These random wanderings and planned excursions have allowed me to interact with architecture and accidental sculptural objects.  They have created conversations within my practice that I am now exploring and will continue post residency here.  I spend time photography and field recording the sounds I encounter not always for later work but to use the process of recording as a way to explore the moments that I have experienced.  Some of these elements naturally appear in the work but sometimes it is me focusing on something that i see a metaphor amongst or pausing just so the brain absorbs and allows the senses to filter completely.  Though the sounds and visual elements are important it is all senses that inform my thoughts.  If only to have a machine to record the smells both pleasant and not so.  The aromas here are strong and really striking.

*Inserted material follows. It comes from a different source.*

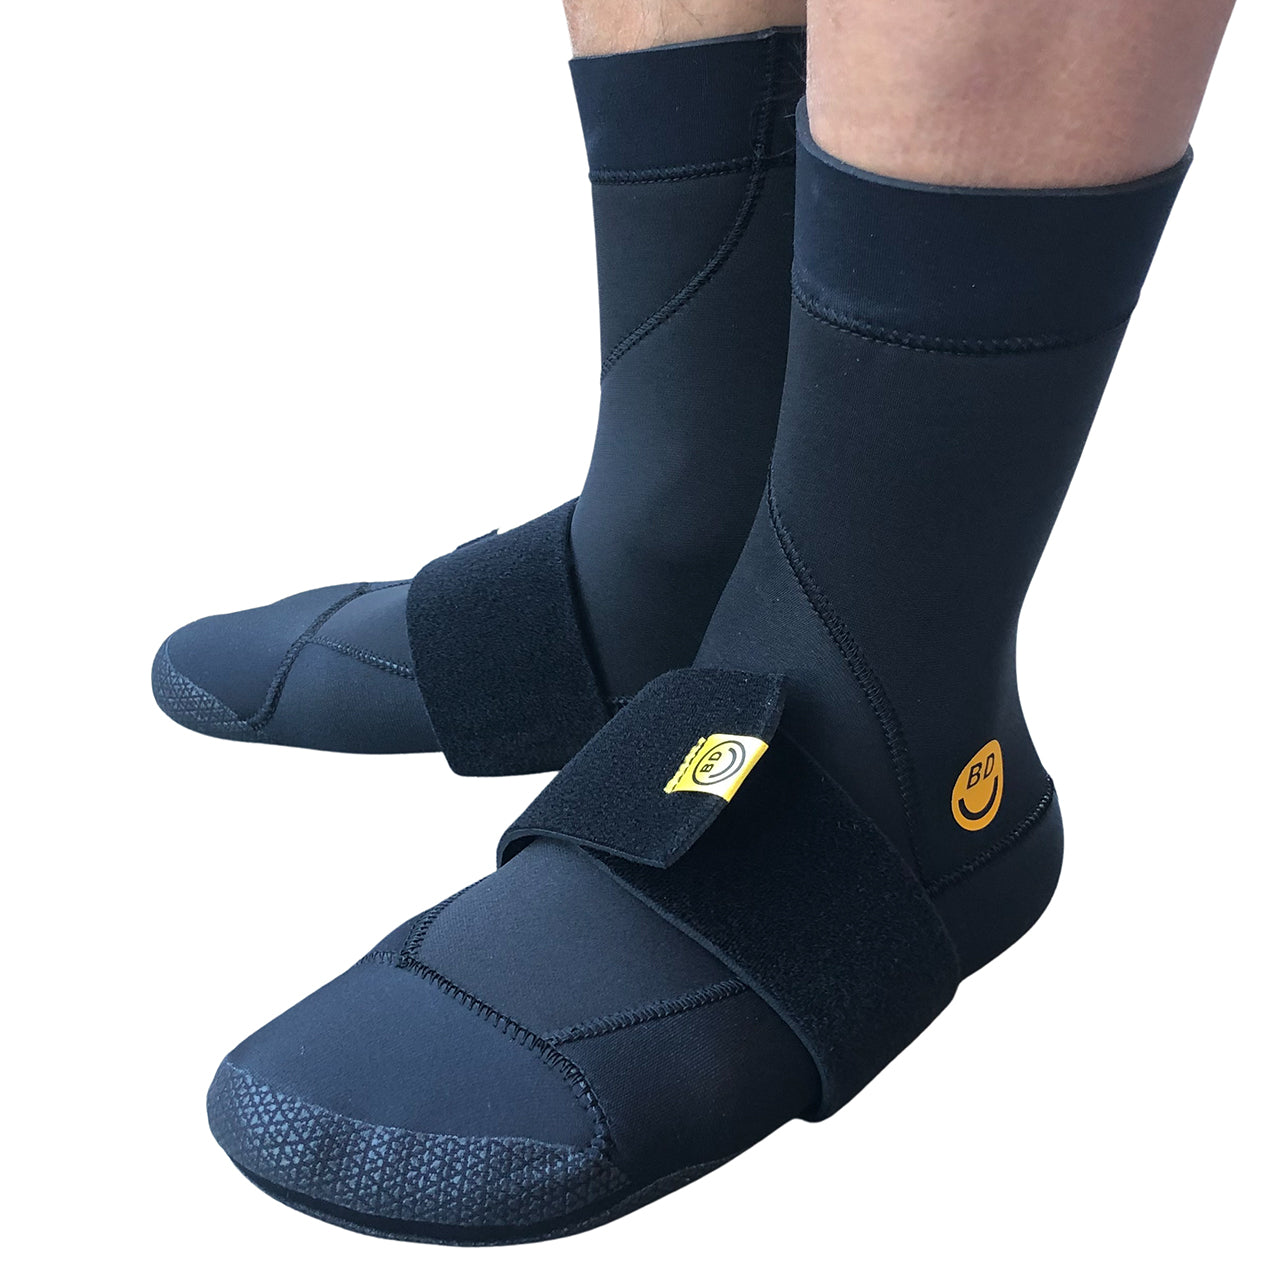 3mm winter socks high type

Certain themes are constant within my travels such as looking through but seeing behind in reflective moments or the attraction to controlled and protected spaces.  Here especially where traffic cones are not so common the ways in which people mark space is intriguing.  One thought that is common with my travels here though is to do with vacancy as a positive.  The building of vacancy, i.e. in the sense of building glass and marble buildings that seems to be for something that only they know about.  With these buildings not necessarily fitting into the landscape rather standing alone amongst the tower blocks of Soviet era.  I see these new buildings a positive in one sense and nod to a new era or at least optimism.  This in comparison in other cities that I have lived recently where new construction has stopped.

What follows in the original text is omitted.